Serum amyloid P-component (93)

APCS

5

21.5

−5.96

Discussion

Our study used a mass spectrometry-based proteomic approach to evaluate the relative abundance changes between proteins found within middle ear mucosa and post-auricular skin relative to cholesteatoma matrix. A second arm of the study investigated the protein changes occurring in bone involved with cholesteatoma relative to healthy ossicles. We identified a number of potential candidates in the molecular changes among the functional components of the cholesteatoma matrix leading to uncontrolled growth and bony destruction.

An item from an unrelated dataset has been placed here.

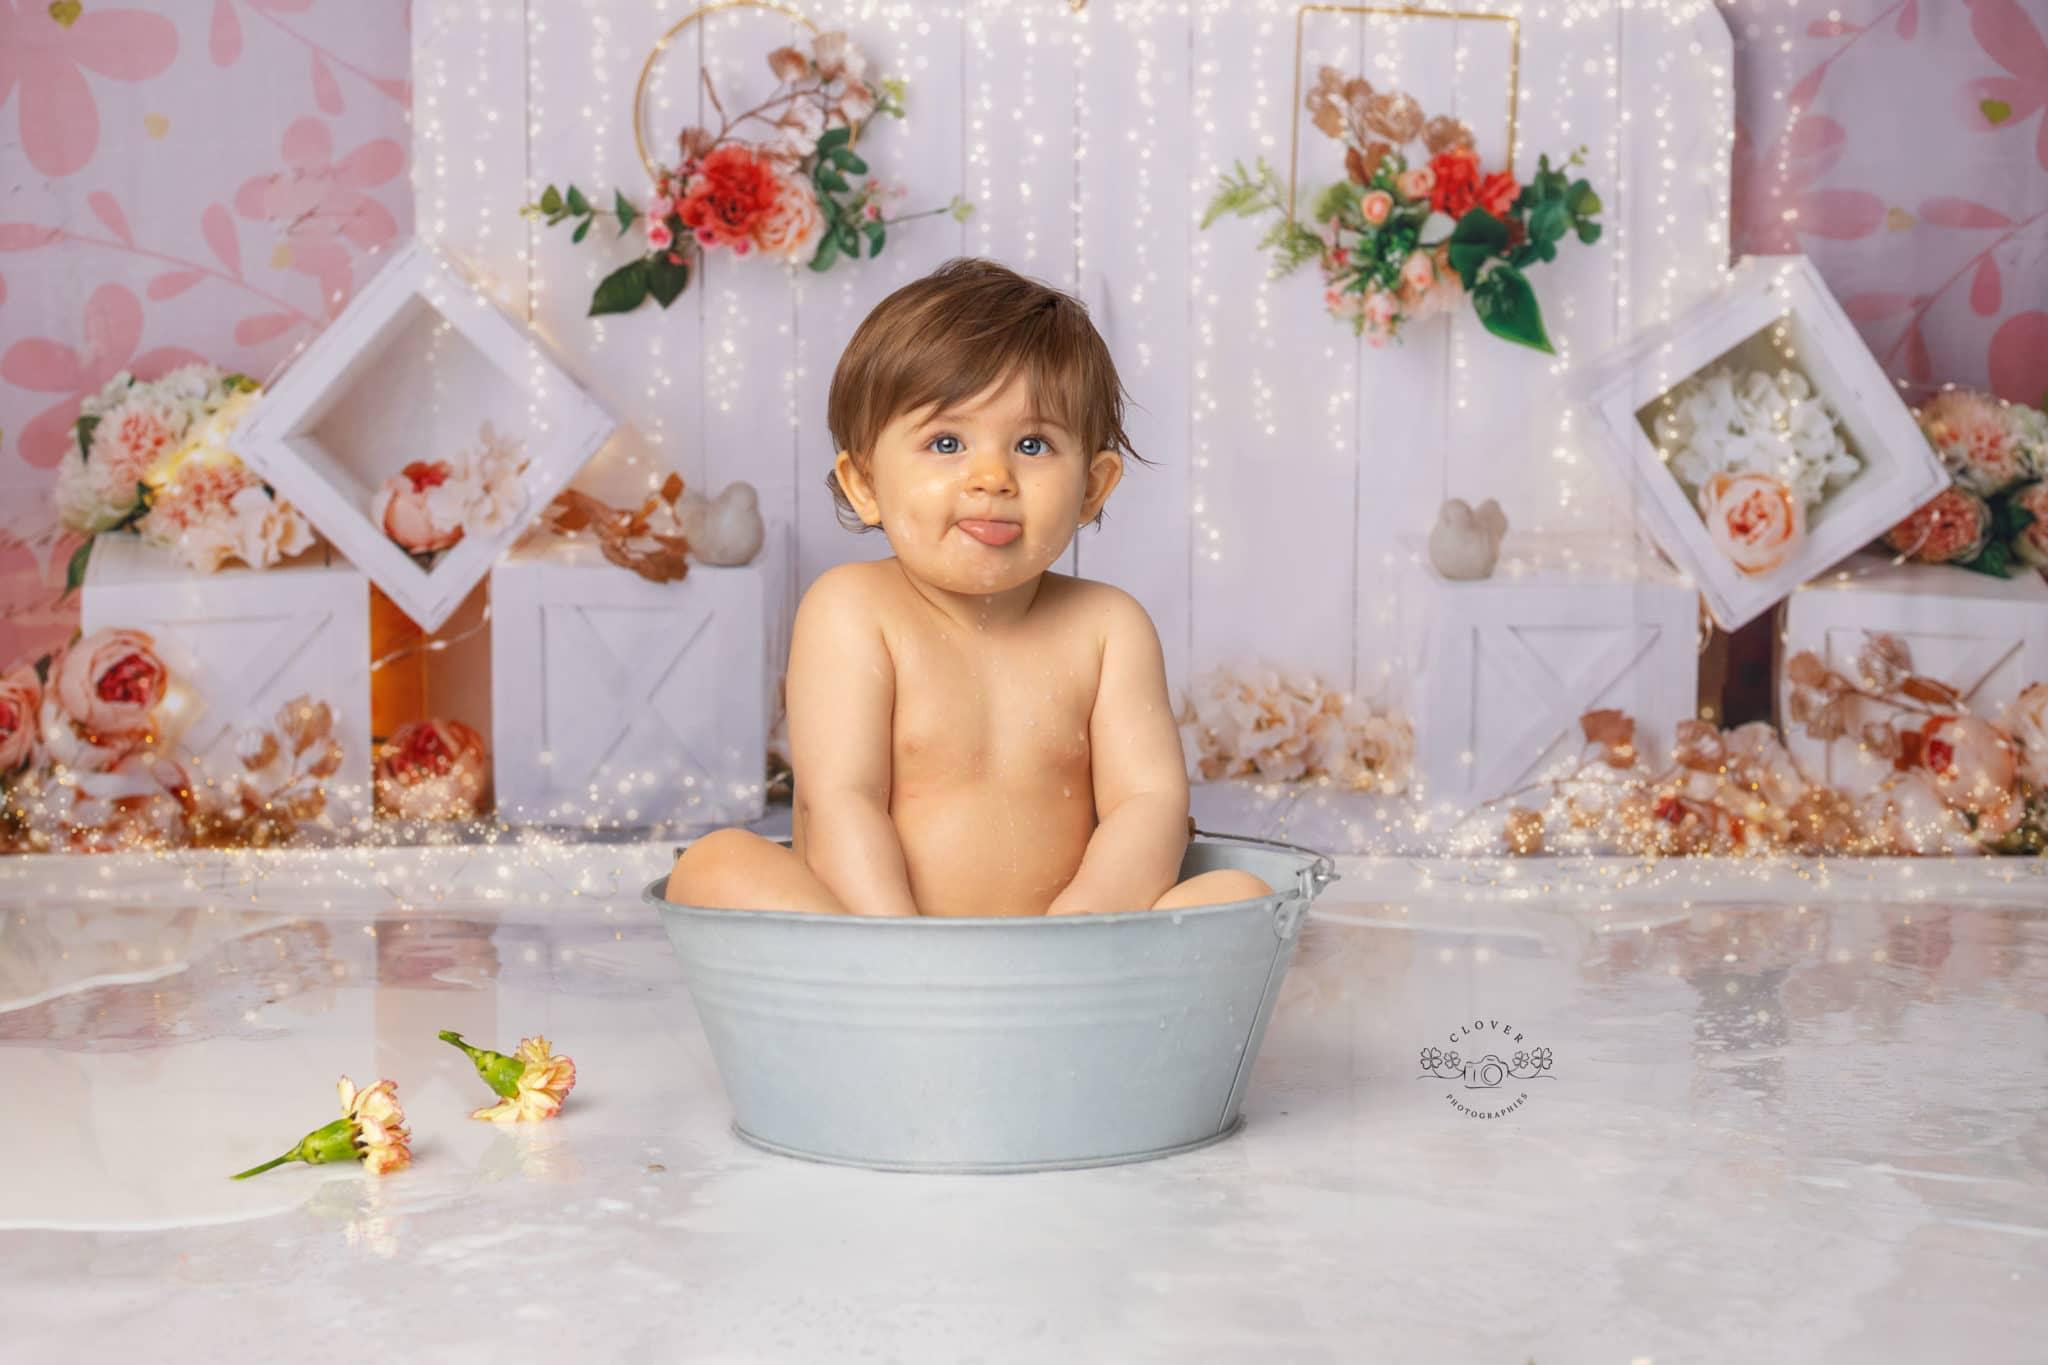 séance photo bébé bain de lait anniversaire smash the cake - clover photographies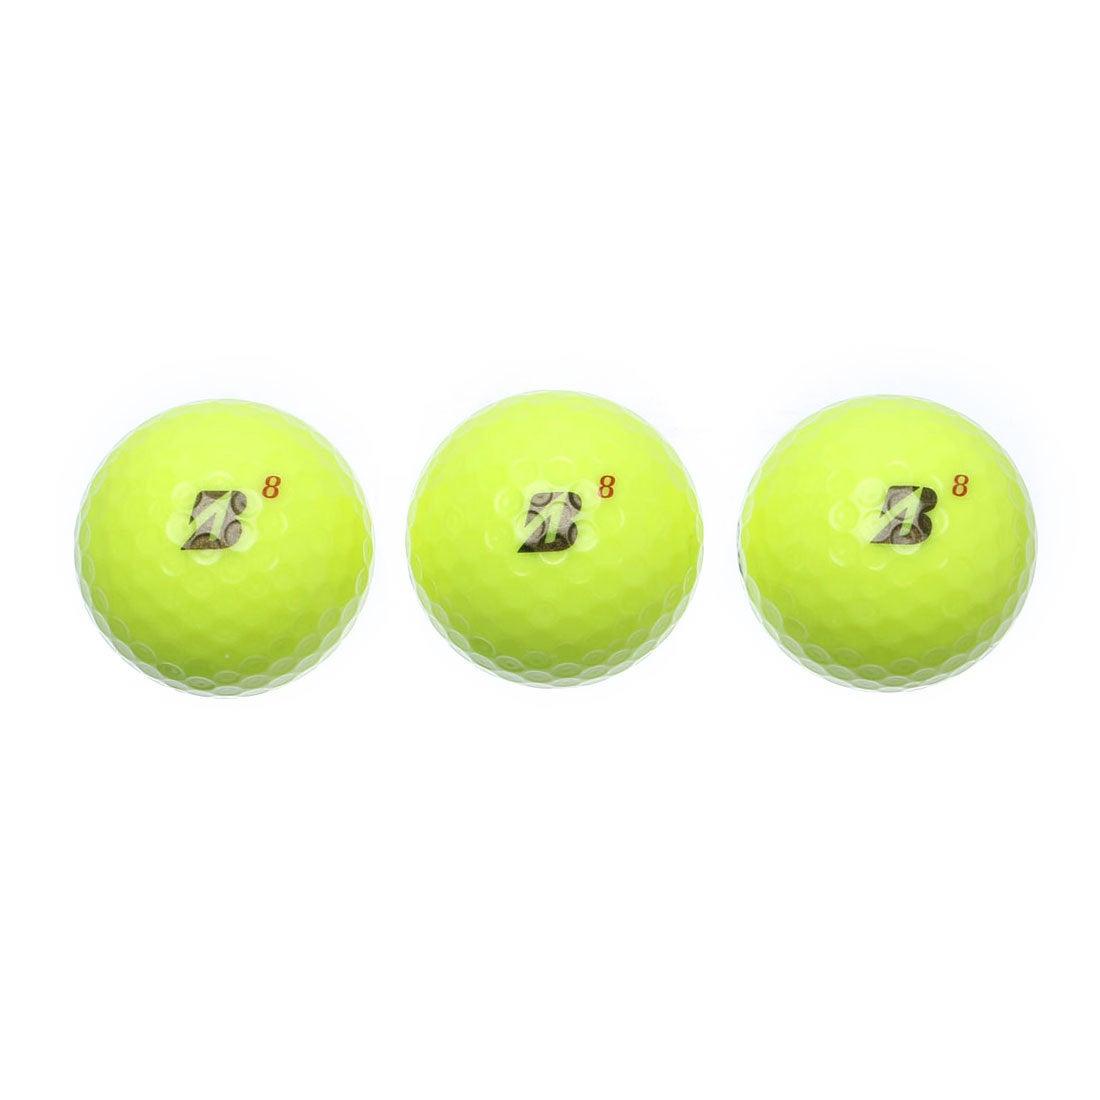 ブリヂストンゴルフ BRIDGESTONE GOLF ゴルフ 公認球 TOUR B X イエロー 8BYXJ

Recognizing proteins with either increased or decreased abundance in both skin and mucosa reflect deviations from normal, particularly when they are functional rather than primarily structural in nature. Proteins fitting this description include members of the S100 family (A7, A8, and A9) and SERPINB3. S100 proteins are elevated in hyperproliferative skin disorders with primary roles in cell cycle regulation and cell differentiation [12, 13]. S100A7 also functions in an antibacterial capacity through the Toll-like receptor pathway in response to the bacterial protein flagellin [14], which is found in P. aeruginosa and E. coli, among other bacteria. SERPINB3 is a serine protease inhibitor associated with cellular atypia, evasion of apoptosis, and cholesteatoma proliferation [1517]. Our identification of SERPINB3 and the three S100 proteins in cholesteatoma matrix agrees with existing literature noting increased levels in cholesteatoma relative to post-auricular skin [11, 18], but it is a potentially novel finding to find increased abundance relative to middle ear mucosa. Though adult cholesteatoma is a disease of keratinizing epithelium that likely originates from the lateral surface of the tympanic membrane or external auditory canal, its destructive properties occur primarily within the middle ear; as such, finding difference between the cholesteatoma matrix that allows it to overgrow mucosa and destroy neighbouring tissue may be more appreciable by analyzing the mucosa of presumably unaffected middle ear tissue.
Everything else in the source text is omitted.